On Mon, 2021-01-11 at 17:11 +0000, John Garry wrote:
> On 11/01/2021 16:40, James Bottomley wrote:
> > > So initial sdev queue depth comes from cmd_per_lun by default or
> > > manually setting in the driver via scsi_change_queue_depth(). It
> > > seems to me that some drivers are not setting this optimally, as
> > > above.
> > > 
> > > Thoughts on guidance for setting sdev queue depth? Could blk-mq
> > > changed this behavior?
> 
> Hi James,
> 
> > In general, for spinning rust, you want the minimum queue depth
> > possible for keeping the device active because merging is a very
> > important performance enhancement and once the drive is fully
> > occupied simply sending more tags won't improve latency.  We used
> > to recommend a depth of about 4 for this reason.  A co-operative
> > device can help you find the optimal by returning QUEUE_FULL when
> > it's fully occupied so we have a mechanism to track the queue full
> > returns and change the depth interactively.
> > 
> > For high iops devices, these considerations went out of the window
> > and it's generally assumed (without varying evidence) the more tags
> > the better. 
> 
> For this case, it seems the opposite - less is more. And I seem to
> be hitting closer to the sweet spot there, with more merges.
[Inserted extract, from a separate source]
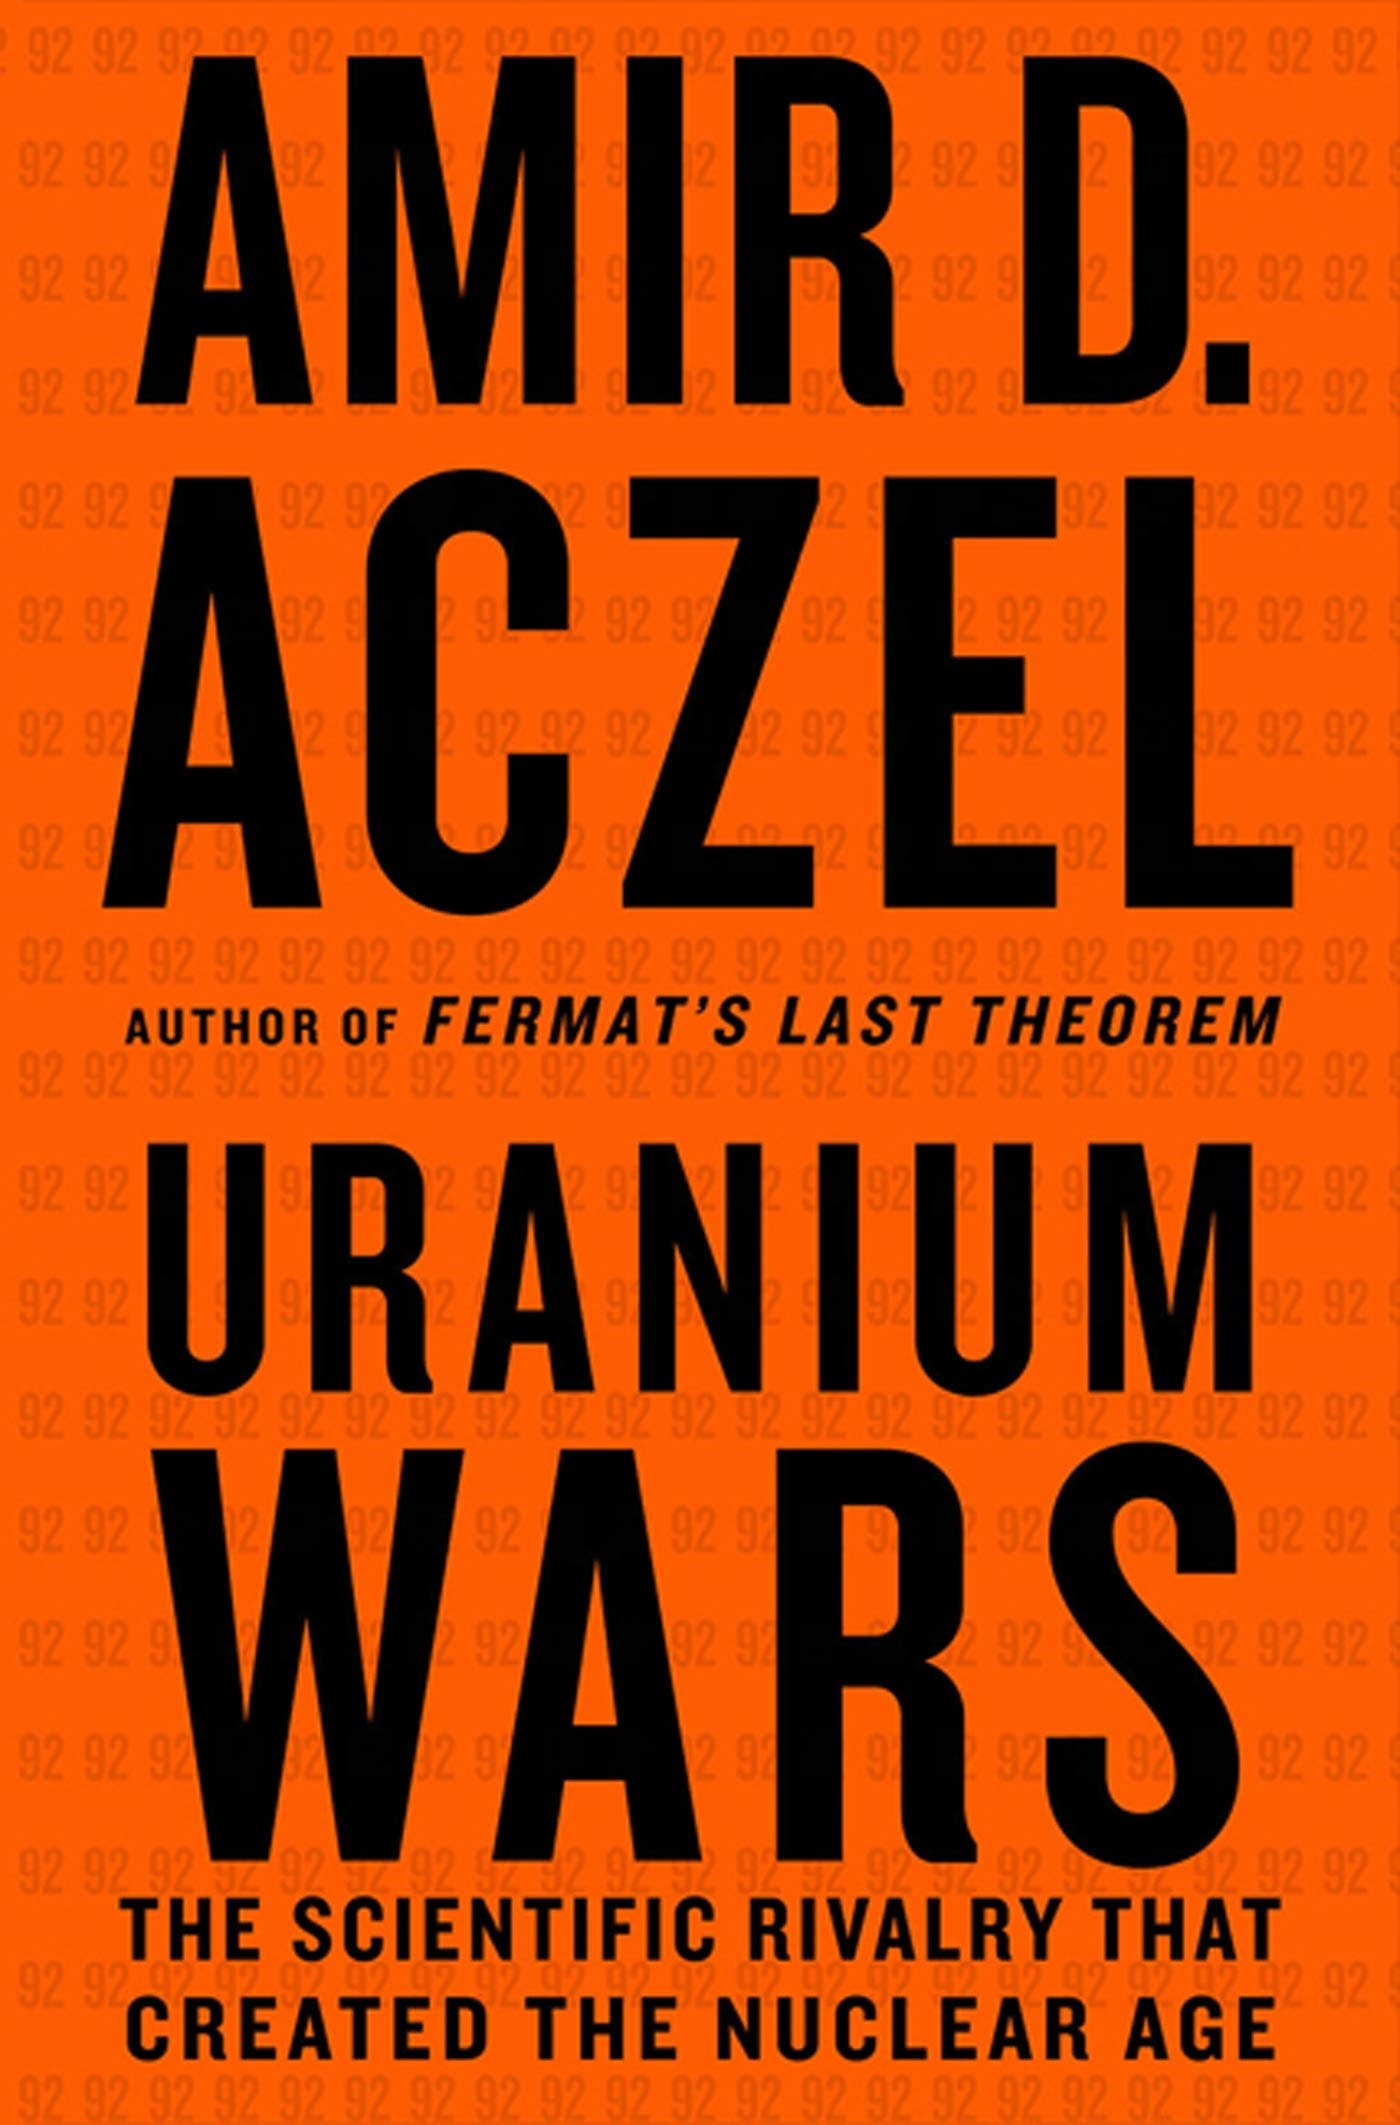 Image of Uranium Wars

I think cheaper SSDs have a write latency problem due to erase block
issues.  I suspect all SSDs have a channel problem in that there's a
certain number of parallel channels and once you go over that number
they can't actually work on any more operations even if they can queue
them.  For cheaper (as in fewer channels, and less spare erased block
capacity) SSDs there will be a benefit to reducing the depth to some
multiplier of the channels (I'd guess 2-4 as the multiplier).  When
SSDs become write throttled, there may be less benefit to us queueing
in the block layer (merging produces bigger packets with lower
overhead, but the erase block consumption will remain the same).

For the record, the internet thinks that cheap SSDs have 2-4 channels,
so that would argue a tag depth somewhere from 4-16

> > SSDs have a peculiar lifetime problem in that when they get
> > erase block starved they start behaving more like spinning rust in
> > that they reach a processing limit but only for writes, so lowering
> > the write queue depth (which we don't even have a knob for) might
> > be a good solution.  Trying to track the erase block problem has
> > been a constant bugbear.
> 
> I am only doing read performance test here, and the disks are SAS3.0 
> SSDs HUSMM1640ASS204, so not exactly slow.

Possibly ... the stats on most manufacturer SSDs don't give you
information about the channels or spare erase blocks.

> > I'm assuming you're using spinning rust in the above, so it sounds
> > like the firmware in the card might be eating the queue full
> > returns.  Icould see this happening in RAID mode, but it shouldn't
> > happen in jbod mode.
> 
> Not sure on that, but I didn't check too much. I did try to increase
> fio queue depth and sdev queue depth to be very large to clobber the
> disks, but still nothing.

If it's an SSD it's likely not giving the queue full you'd need to get
the mid-layer to throttle automatically.

James